DeepSeek-V3 Model Lineage
Figure: Illustrating DeepSeek-V3 training evolution.

The training pipeline for DeepSeek-V3 consists of the two typical stages: pre-training and post-training. As depicted in the Figure above, the pre-training stage involves pre-training on 14.8T tokens followed by long-context extension using the YaRN methodology. Post-training of DeepSeek-V3 utilizes SFT as well as Reinforcement Learning methods.

Historical Significance

At the time of its release, open-source models had already been lessening the gap in performance with closed-source counterparts. DeepSeek-V3 was yet another open-source model that achieved high levels of performance, beating other open-source alternatives as well as some closed-source models in various benchmarks. What made DeepSeek-V3's achievement even more intriguing was that it was reportedly trained using less compute than its closest counterparts.

Architectural Highlights

DeepSeek-V3 is a transformer-based model that swaps out nearly all dense feedforward for MoE. The model has a total of 671B parameters but through its specialized variant of MoE (referred to as DeepSeekMoE), only 37B parameters are activated in both training and inference. Through a series of long-context extension fine-tuning steps, the maximum context length for this model was extended to 128K tokens.

DeepSeekMoE: Used to carry out training more efficiently, this MoE design consists of two sets of experts, namely: shared and routed. The former set of routers is used for every token in the input sequence whereas the usage of routed ones are determined according to the affinity to the input token.

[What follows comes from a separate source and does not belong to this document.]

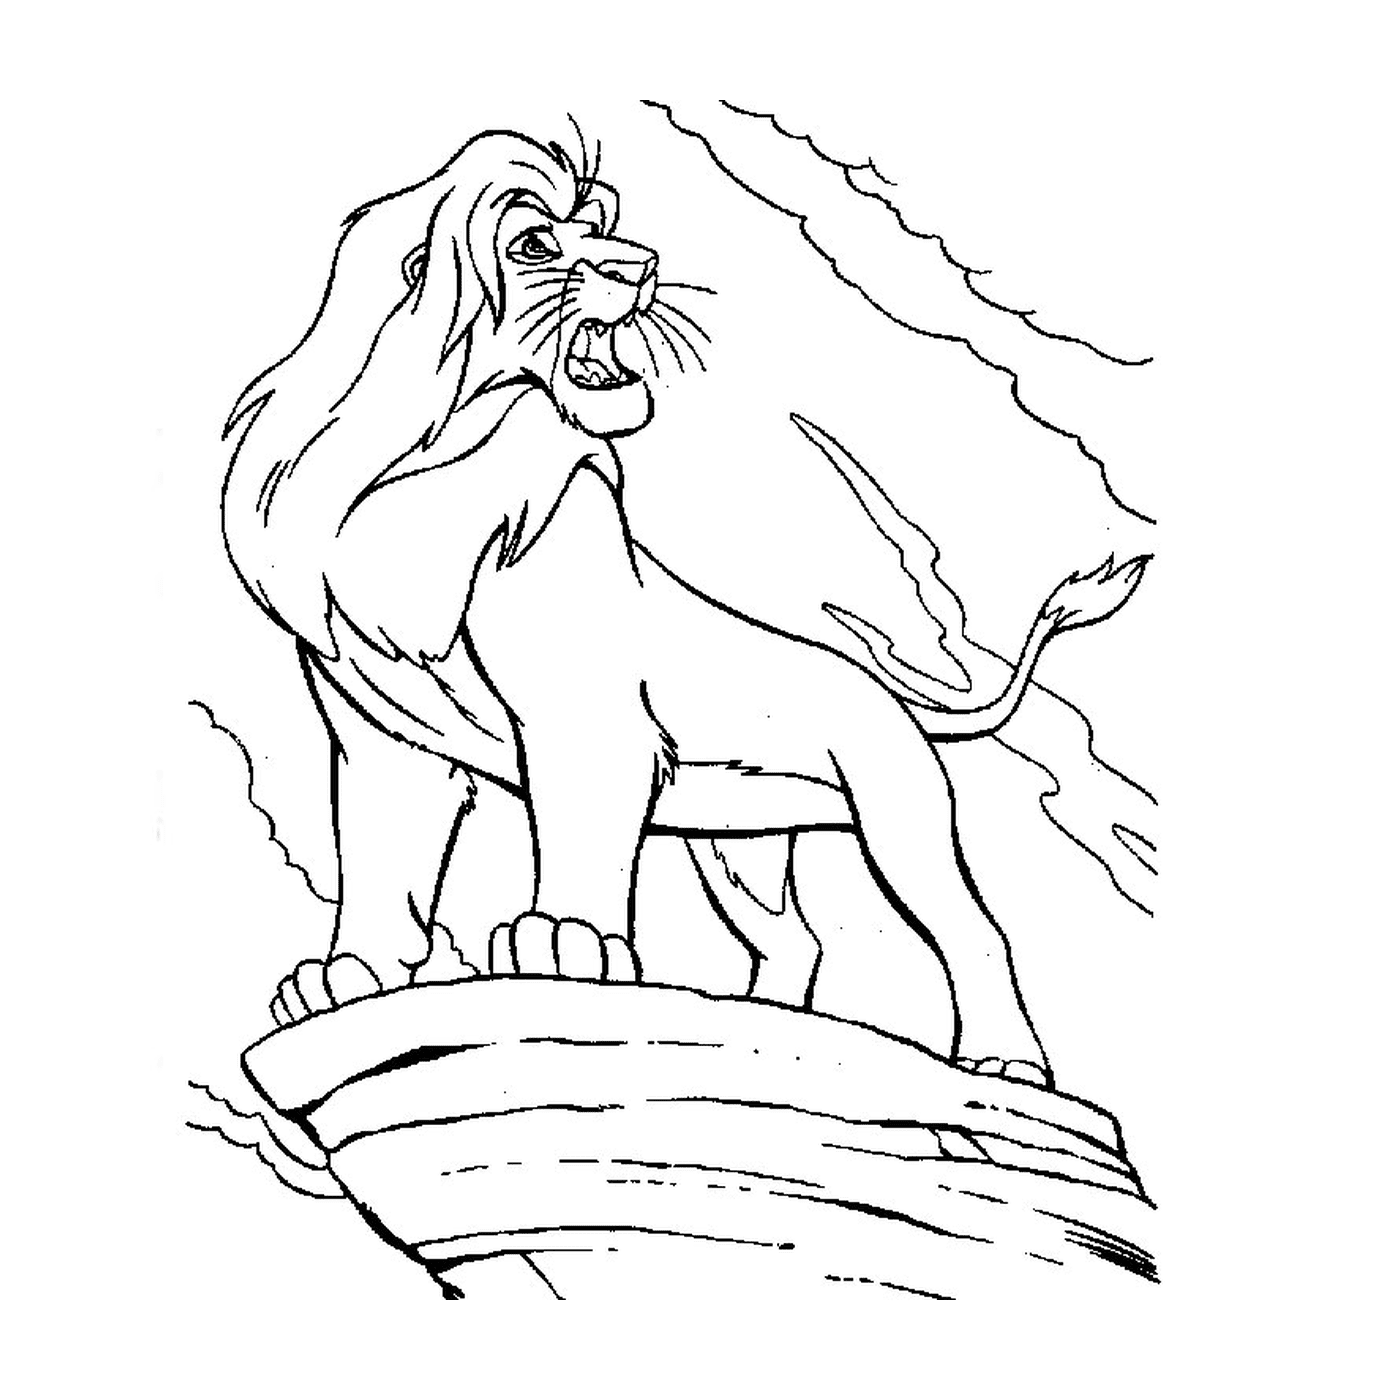  一只狮子站在悬崖顶上

Auxiliary-loss Load Free Balancing: When using an MoE architecture, one must consider load balancing across the networks to prevent routing collapse. This has been typically addressed via the introduction of an auxiliary loss. However, if this loss has too great of an influence, it can lead to a model degradation. DeepSeek-V3 instead considers a technique that requires no auxiliary loss but instead relies on a new bias term that dynamically changes its value according to the experts current workload.

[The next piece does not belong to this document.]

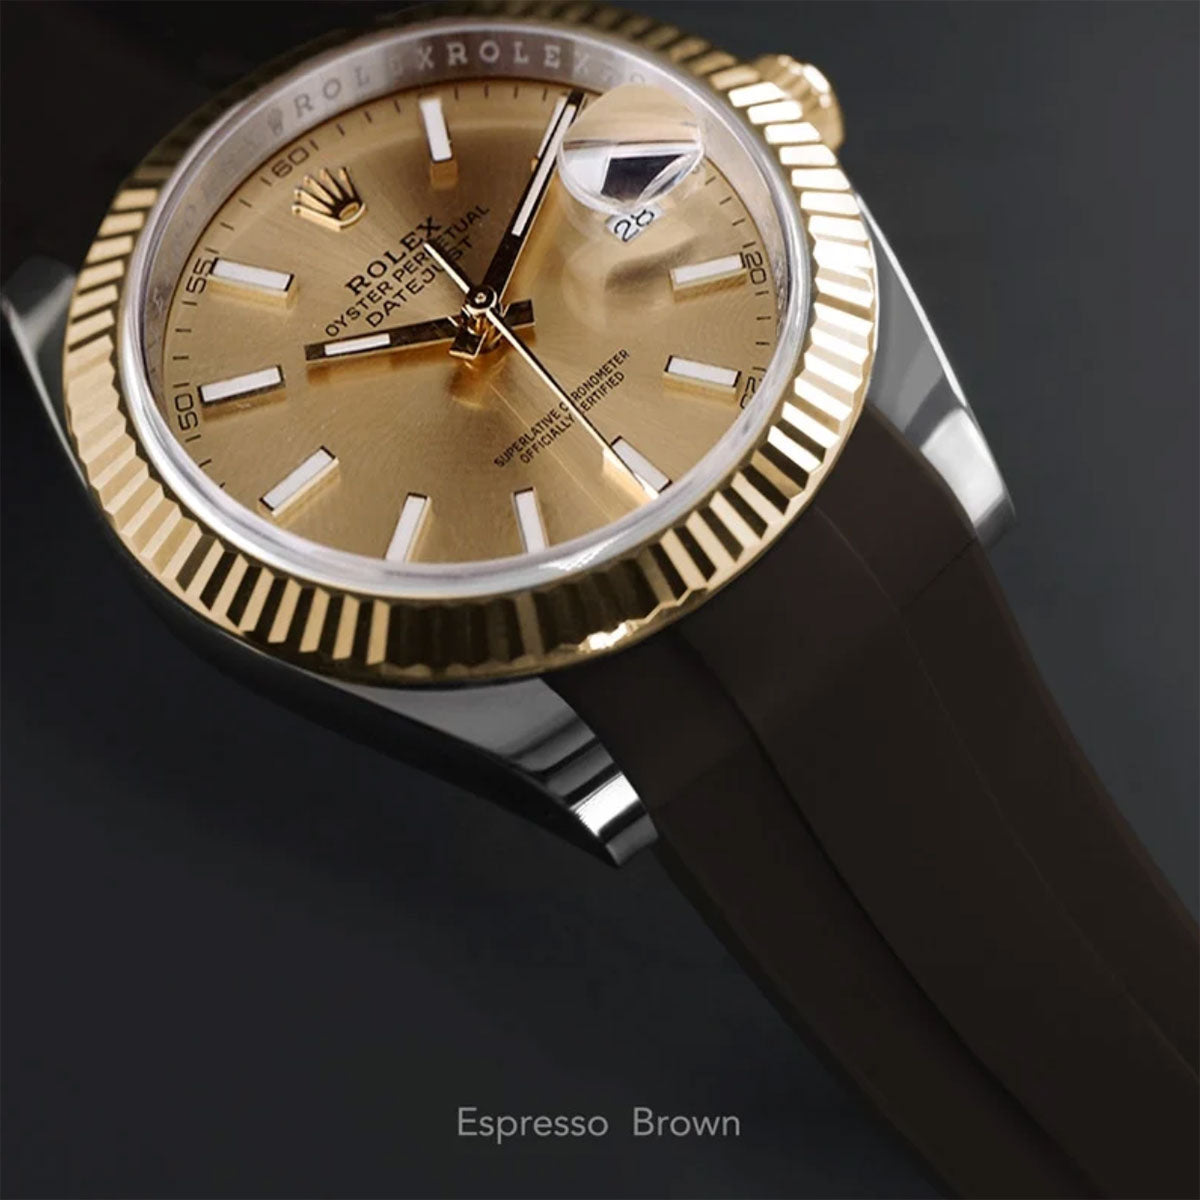 Rolex - Rubber B - Bracelet caoutchouc pour Datejust 41 mm - Série boucle ardillon - watch band leather strap - ABP Concept -

Multi-Head Latent Attention (MLA): Used for making inference more efficient by jointly compressing attention keys and values to a lower dimension. The compression involves a linear projection matrix compressing keys and values down as well as another linear project matrix for compressing keys and values back up. Only the compressed joint representation of keys and values need to be cached during inference. For more details see MLA.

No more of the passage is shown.